_Task to carry out_: Write out again only the lines between the one with "Rowing - Four" and the end of the records below, both ends counted, and don't include the pictures.

_Provided data_:

..............................

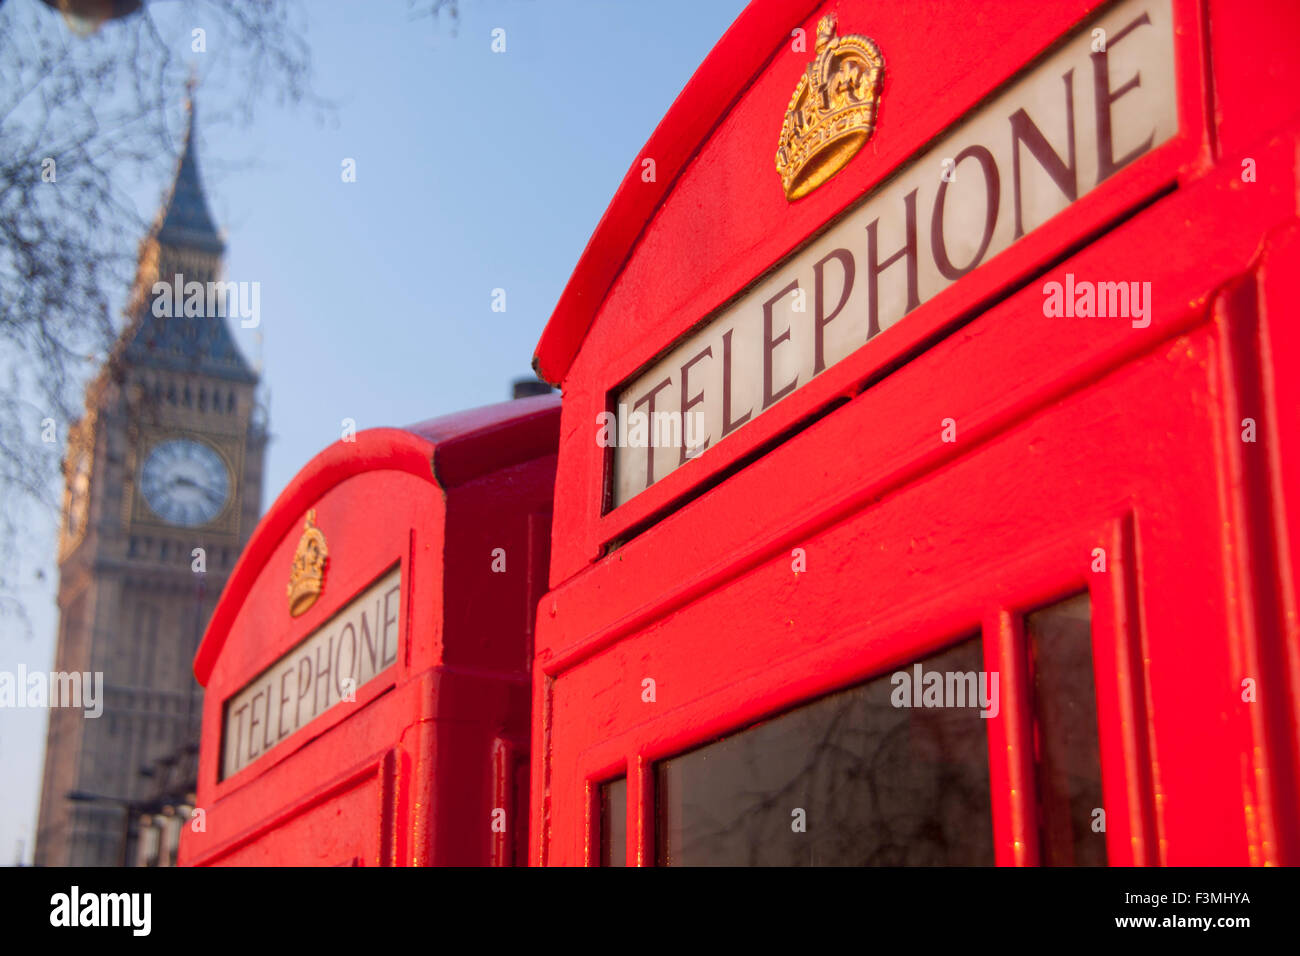 Big Ben Elizabeth Tower Clock Tower of Houses of Parliament with two traditional red K6 telephone  phone boxes in foreground Vic Stock Photo
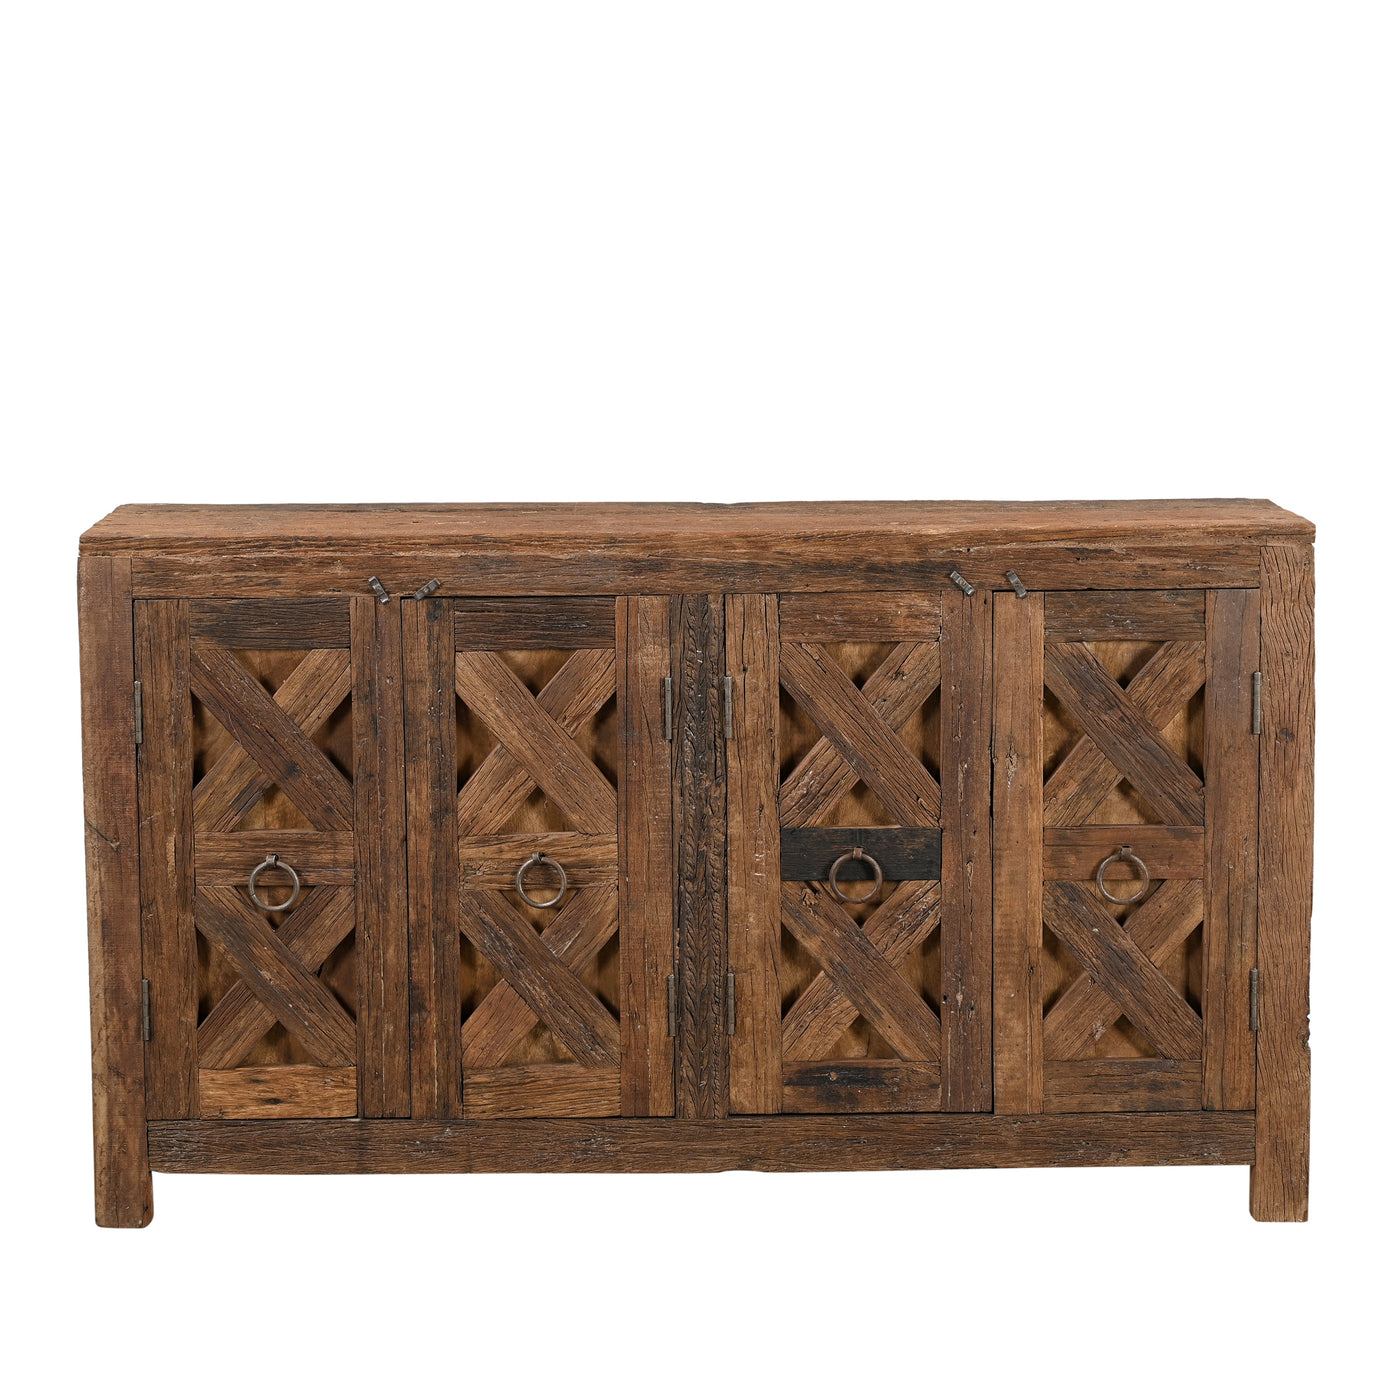 Dhayalon - old wooden buffet
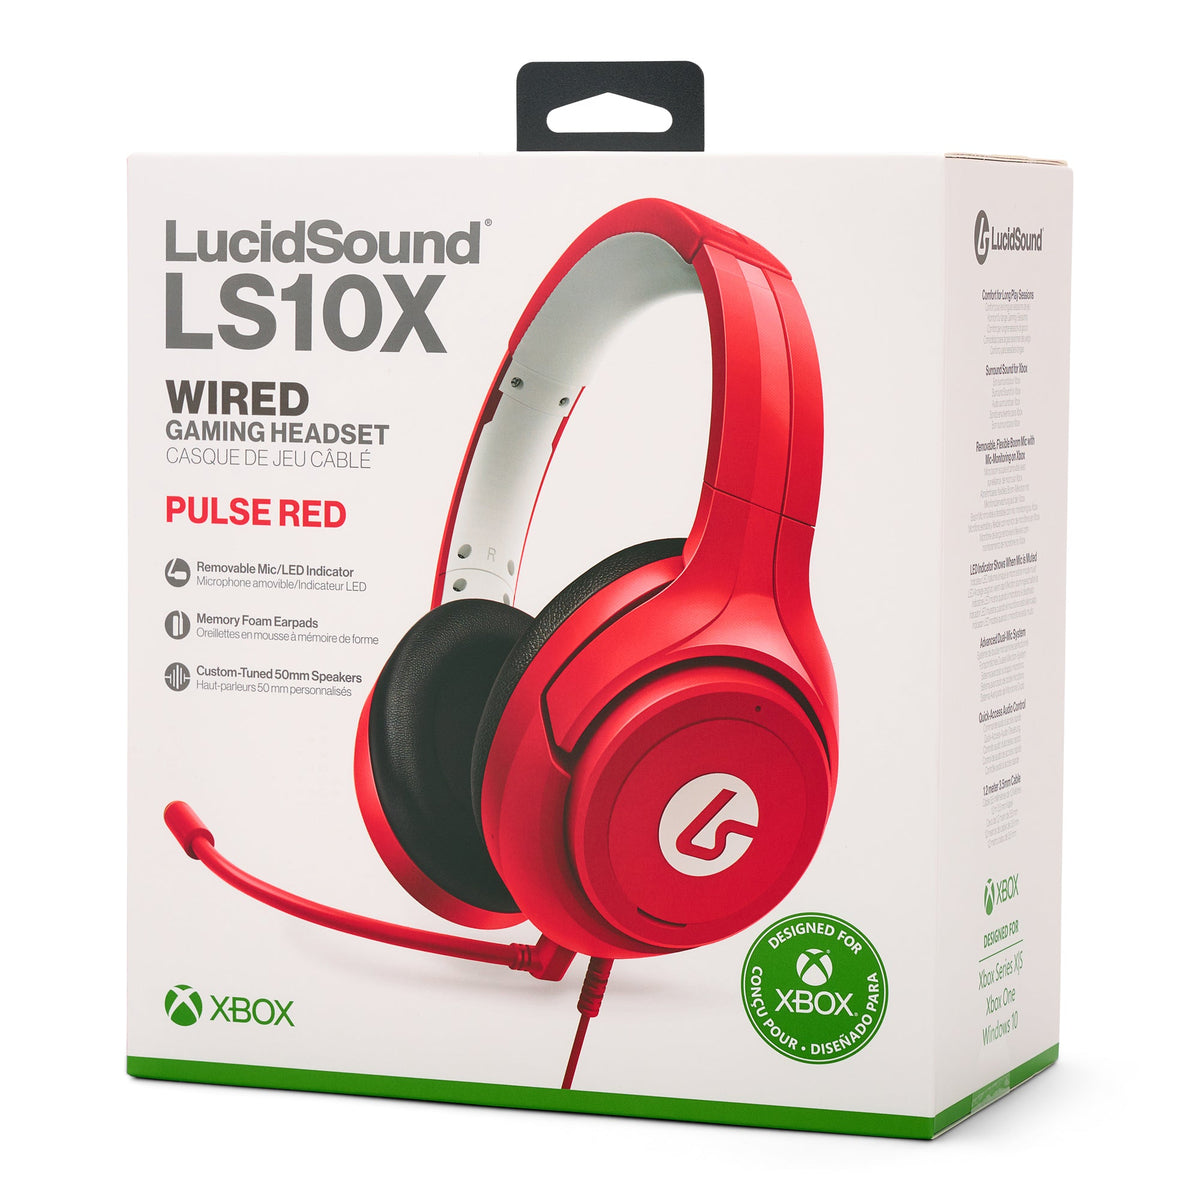 LucidSound LS10X Wired Gaming Headset for Xbox Series X|S - Pulse Red
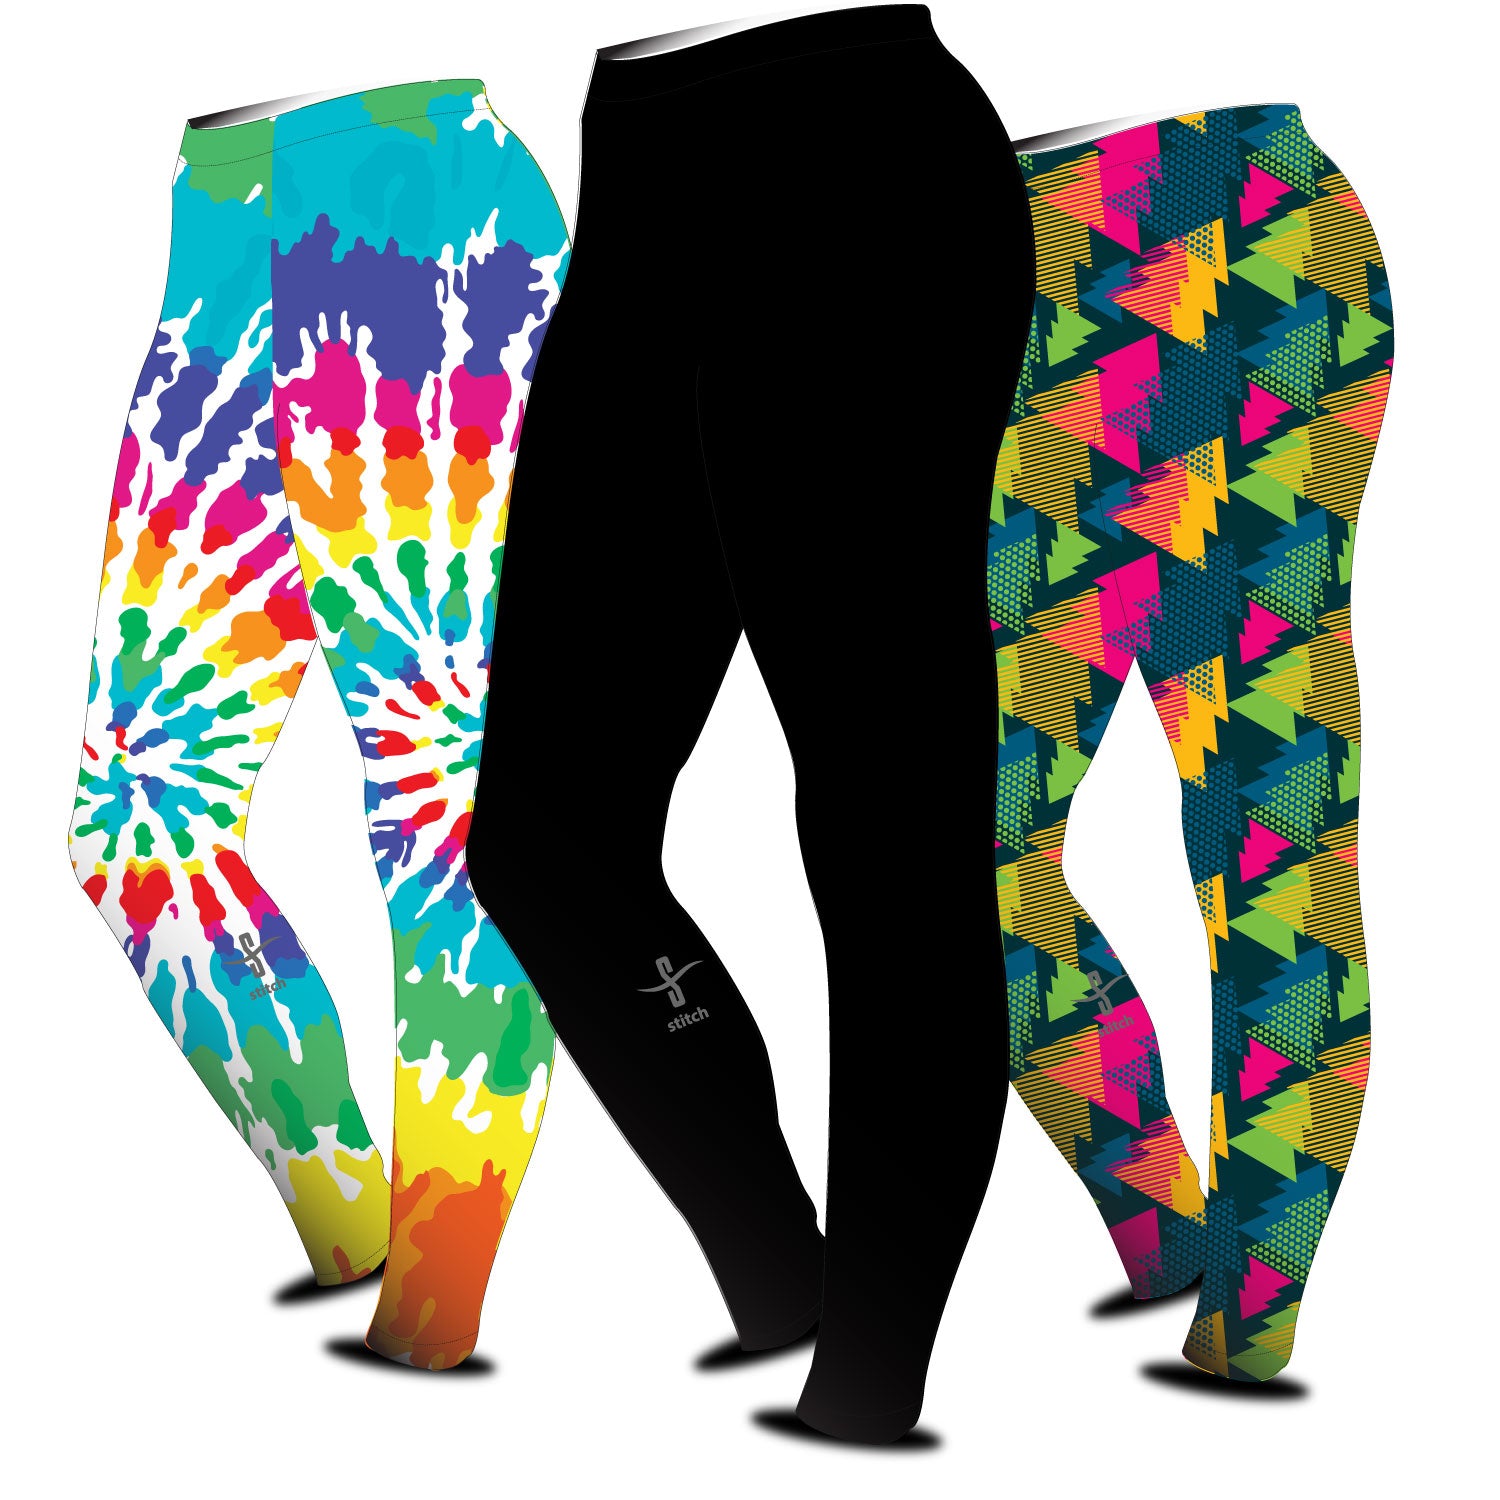 Rowing - Four Leggings for Sale by Hawthorn Mineart
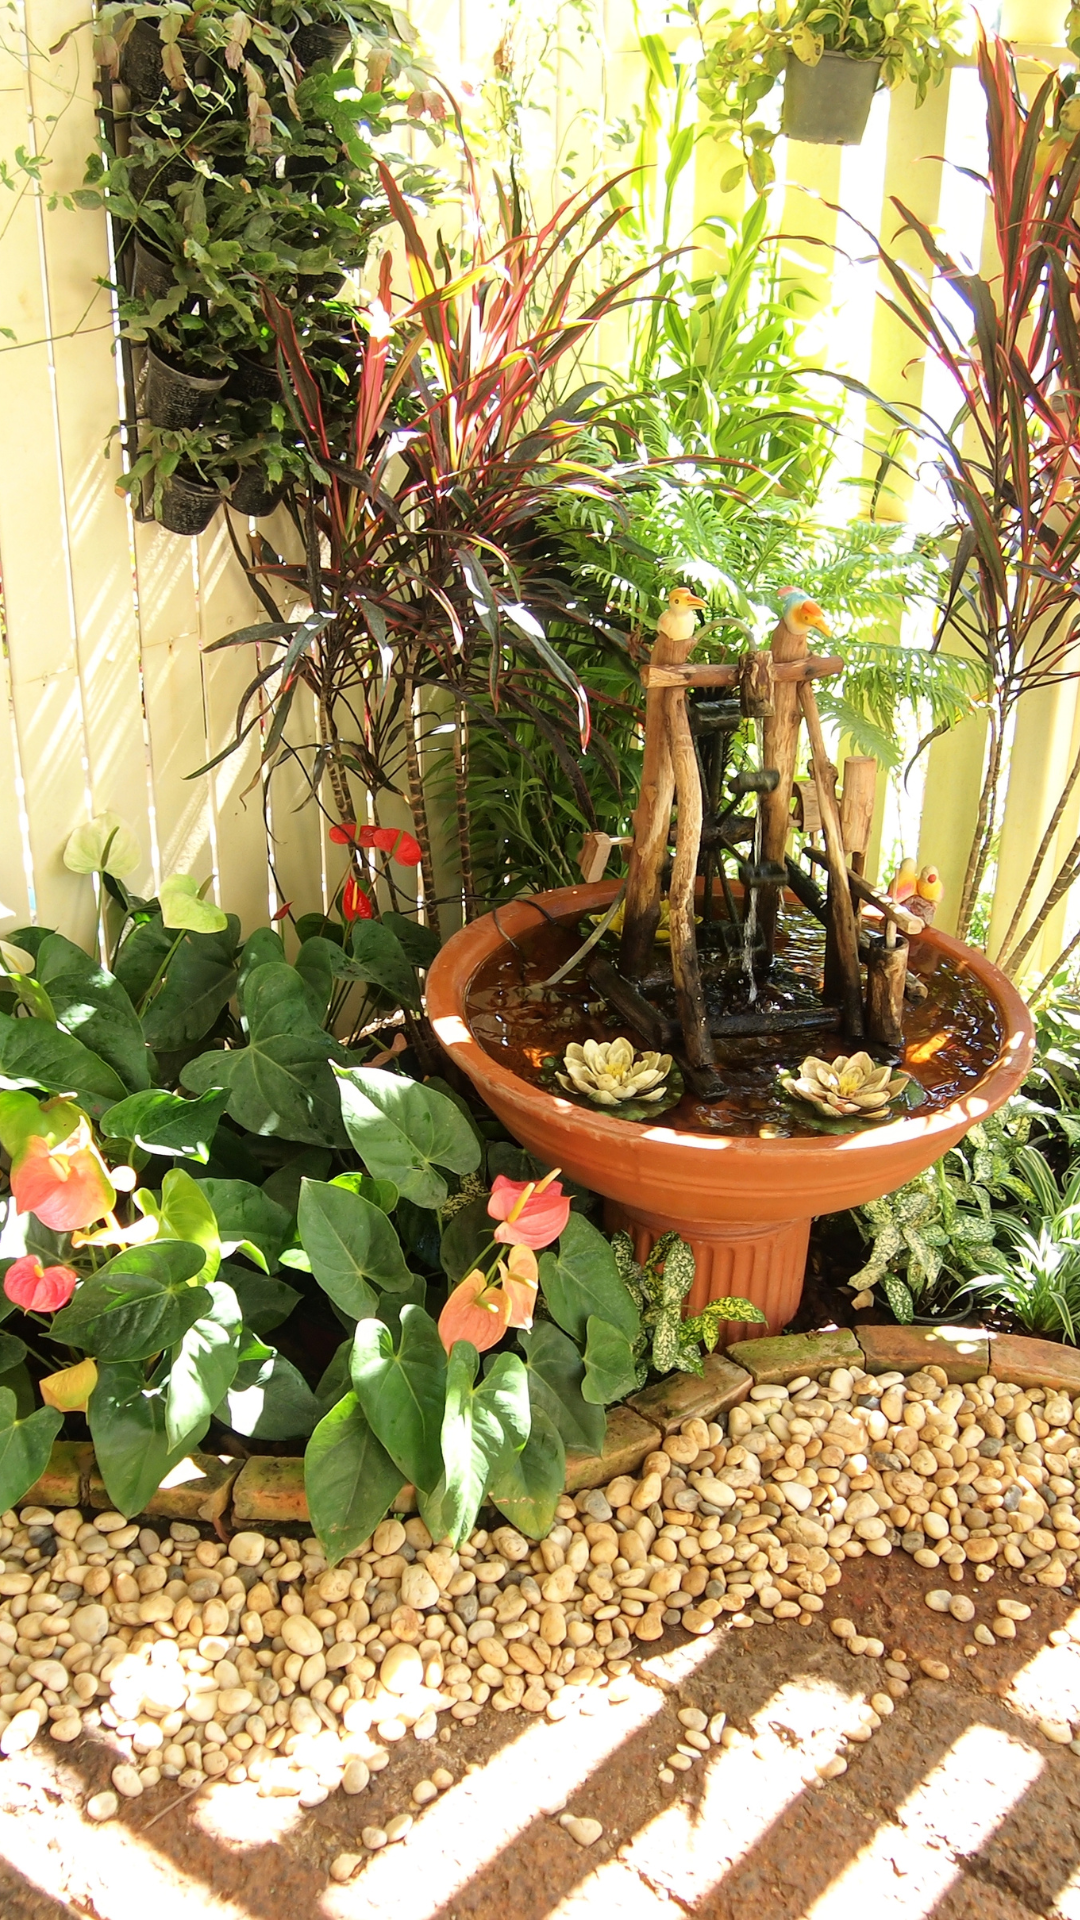 9 Decor ideas that make a beautiful home garden | Times of India

..............................

_Result of this exercise_:
 Rowing - Four Leggings for Sale by Hawthorn Mineart
 9 Decor ideas that make a beautiful home garden | Times of India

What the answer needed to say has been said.